What Is Recursive Competitive Equilibrium (RCE)?
Recursive competitive equilibrium (RCE) is an equilibrium concept used to explore economic issues. RCE helps analysts and economists explore such issues as monetary and fiscal policy and fluctuations in the business cycle.
Understanding Recursive Competitive Equilibrium (RCE)
Recursive competitive equilibrium is a mathematical optimization method, characterized by time-invariant equilibrium decision rules that specify actions as a function of a limited number of variables.
It's assumed that all the variables are current and previous information available in the economy is known. RCE decision rules include a number of functions, such as pricing and value. Basically, it looks at what effect the functions, prices, value and period allocation policies have on the variables, which is the information on the economy. Equilibrium objects are the functions instead of variables in RCE.
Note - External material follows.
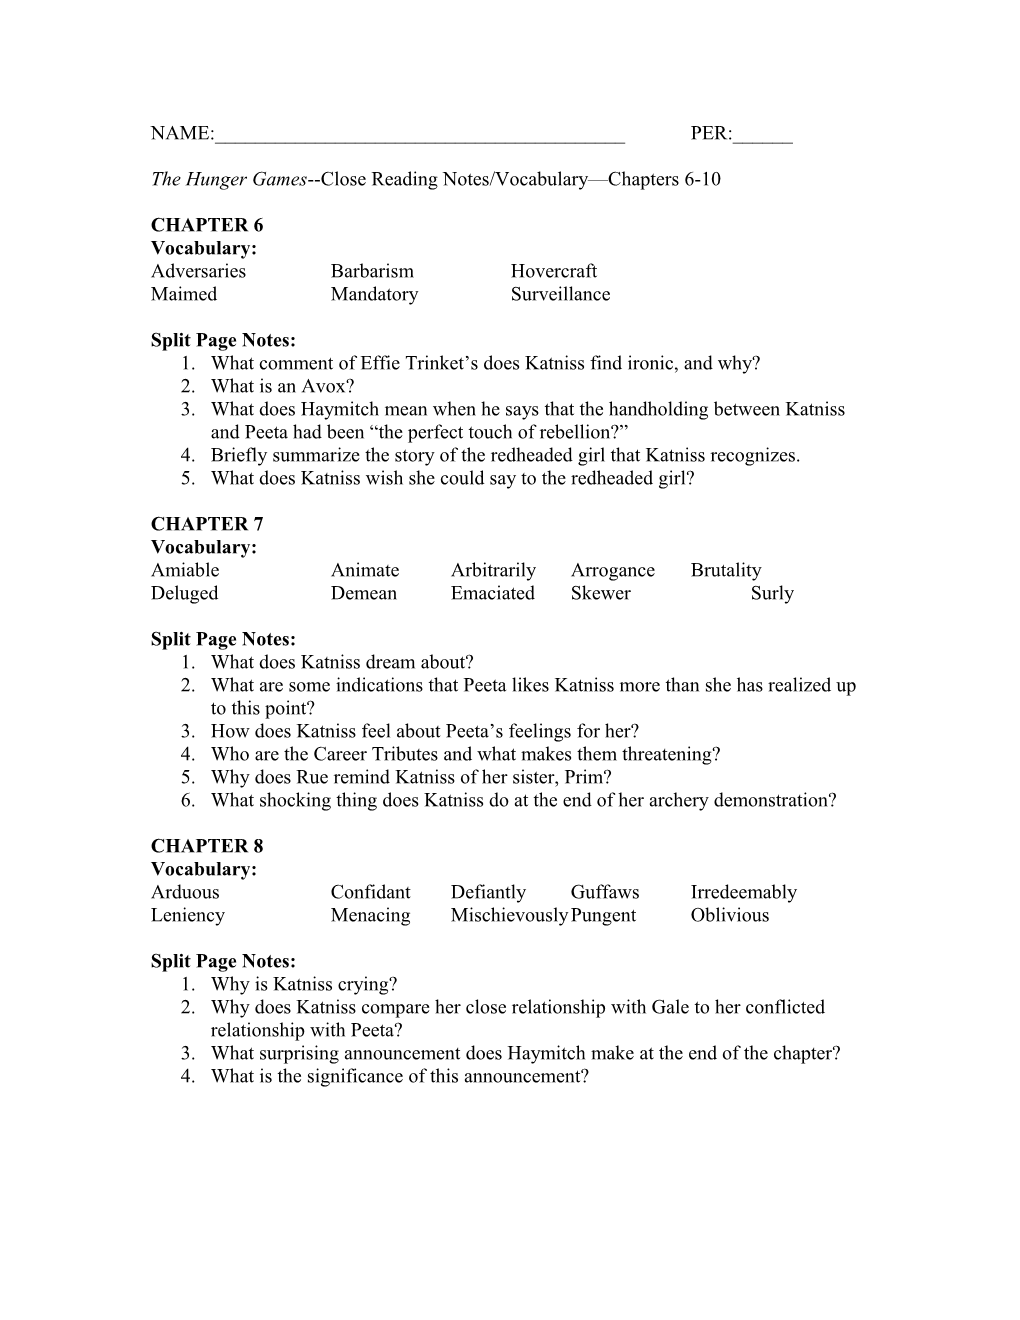 The Hunger Games Close Reading Notes/Vocabulary Chapters 6-10

Economic agents with knowledge of these variables assess the current state of the economy. Their actions will determine, in part, the values of the variables in the next sequential time period, making the structure "recursive."
RCE and Macroeconomics
Recursive competitive equilibrium falls under the study of the broader economy, better known as macroeconomics. Economic equilibrium is when economic forces are balanced, also known as supply equaling demand. In a competitive equilibrium like RCE, supply equals demand.
Macroeconomics involves the study of broader economic trends and indicators, such as national income, unemployment rates and gross domestic product (GDP). It also studies the relationship of such economic factors as inflation, trade, consumption, and income.
The RCE helps economists determine the reasons for short-term fluctuations in the business cycle and longer-term reasons for economic growth.
The RCE approach assumes the consumer makes all consumption decisions, while a finite number of firms produce two goods, a consumable one and a capital one, and they maximize their profit each period. It assumes firms purchase inputs and labor at competitive prices after assessing productivity at the start of the period.
Consumers then use wages to buy goods from firms and the process starts over each period, with firms not retaining assets and technology is freely available. Some RCE models do assume an infinite-life, maximizing value firm.
In finding the optimal growth, the RCE model assumes a stationary environment where the issue does not change with time, hence the recursive representation. Where a sequential model solution depends on the time you’re solving for, recursive problems are solved for regardless of time. RCE allows analysts to focus on other structures of the problem. The variables are predetermined and matter and must vary across time and state.